This is a write up for “EZ crackme” by R3tr0BS: https://crackmes.one/crackme/5fcfb87933c5d424269a1afc

This challenge came with two files: Readme.txt and run.exe

Readme.txt contained the following:

so this is my first crackme, you need to use the password or..... do it your way,
good luck, 
R3tr0.

run.exe has a hash of 3bc592f4963add05a2d28bc469b5cd6ea00b973516ba1a1fccc10f1590f26152

% sha256sum run.exe
3bc592f4963add05a2d28bc469b5cd6ea00b973516ba1a1fccc10f1590f26152  run.exe

file shows that this is a 32 bit ELF with debug_info and debugging symbols:

% file run.exe 
run.exe: ELF 32-bit LSB executable, Intel 80386, version 1 (SYSV), statically linked, with debug_info, not stripped

I used dwarfdump to get debug_info. This shows that this sample was likely compiled with NASM 2.15.05 and had a filename of code.asm, which is interesting but doesn’t help much.

% dwarfdump run.exe 

.debug_info

COMPILE_UNIT<header overall offset = 0x00000000>:
< 0><0x0000000b>  DW_TAG_compile_unit
                    DW_AT_low_pc                0x08049000
                    DW_AT_high_pc               0x08049045
                    DW_AT_stmt_list             0x00000000
                    DW_AT_name                  code.asm
                    DW_AT_producer              NASM 2.15.05
                    DW_AT_language              DW_LANG_Mips_Assembler

...Snip!...

Next, I used objdump to disassemble run.exe. The output shows a small, straightforward program:

% objdump -d run.exe

run.exe:     file format elf32-i386


Disassembly of section .text:

08049000 <_start>:
 8049000:	5b                   	pop    %ebx
 8049001:	5b                   	pop    %ebx
 8049002:	5b                   	pop    %ebx
 8049003:	a1 00 a0 04 08       	mov    0x804a000,%eax
 8049008:	3b 03                	cmp    (%ebx),%eax
 804900a:	74 02                	je     804900e <_start.goodjob>
 804900c:	eb 18                	jmp    8049026 <_start.wrong>

0804900e <_start.goodjob>:
 804900e:	b8 04 00 00 00       	mov    $0x4,%eax
 8049013:	bb 01 00 00 00       	mov    $0x1,%ebx
 8049018:	b9 08 a0 04 08       	mov    $0x804a008,%ecx
 804901d:	ba 0e 00 00 00       	mov    $0xe,%edx
 8049022:	cd 80                	int    $0x80
 8049024:	eb 16                	jmp    804903c <_start.end>

08049026 <_start.wrong>:
 8049026:	b8 04 00 00 00       	mov    $0x4,%eax
 804902b:	bb 01 00 00 00       	mov    $0x1,%ebx
 8049030:	b9 16 a0 04 08       	mov    $0x804a016,%ecx
 8049035:	ba 07 00 00 00       	mov    $0x7,%edx
 804903a:	cd 80                	int    $0x80

0804903c <_start.end>:
 804903c:	b8 01 00 00 00       	mov    $0x1,%eax
 8049041:	31 db                	xor    %ebx,%ebx
 8049043:	cd 80                	int    $0x80

It is helpful to know the calling conventions for system calls on Linux/x86. Generally speaking, you place the number of the system call you wish to call into the EAX register, arguments in their corresponding registers, and issue an int 80 instruction to execute the call.

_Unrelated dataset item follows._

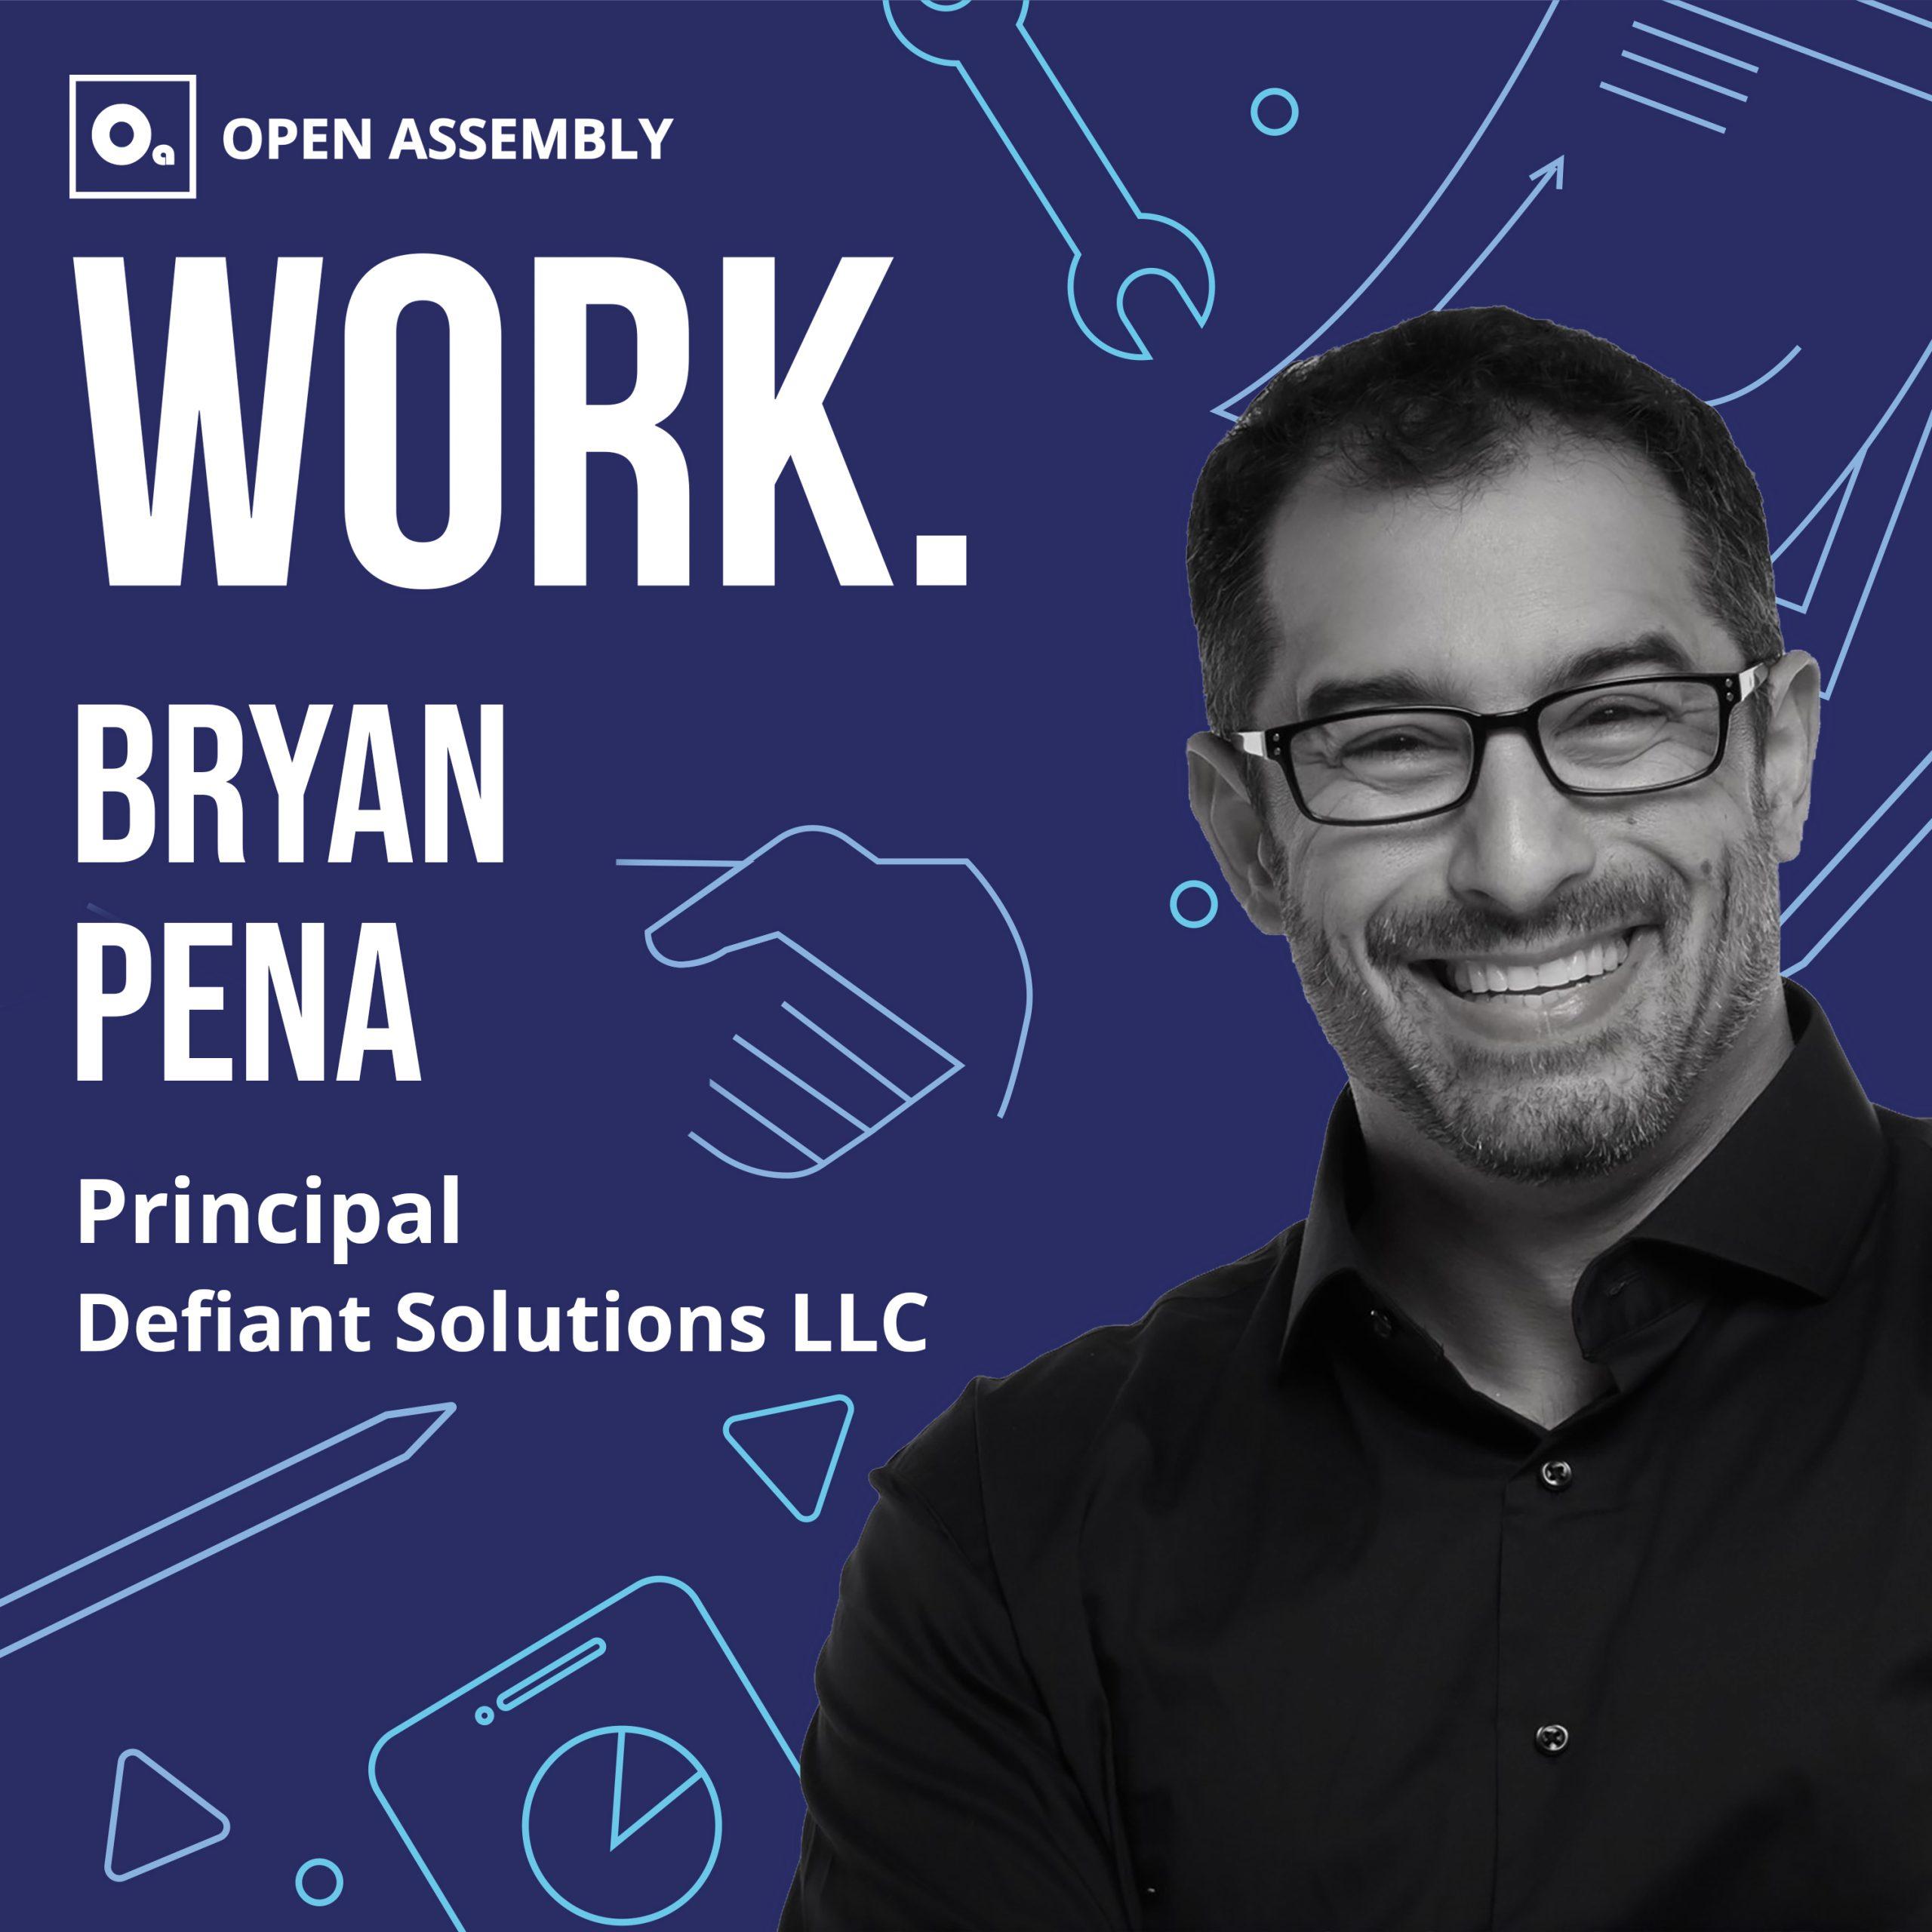 Bryan Pena Defiant Solutions

This is a handy reference that explains syscalls much better: http://shell-storm.org/shellcode/files/syscalls.html

With knowledge of how syscalls work and the chart above, this assembler translates into pseudo code:

if (arg == *0x804a000) {
    write(1, *0x804a008, 0xe);
} else {
    write(1, *0x804a016, 0x7);
}
exit(0);

On Linux, fd 1 is stdout

% grep STDOUT /usr/include/unistd.h
#define	STDOUT_FILENO	1	/* Standard output.  */

So this code basically writes a 14 byte (0xe) message to stdout if an argument equals whatever is in 0x804a000, otherwise it prints a 7 byte (0x7) message. After printing the appropriate message, the program exits with a value of 0.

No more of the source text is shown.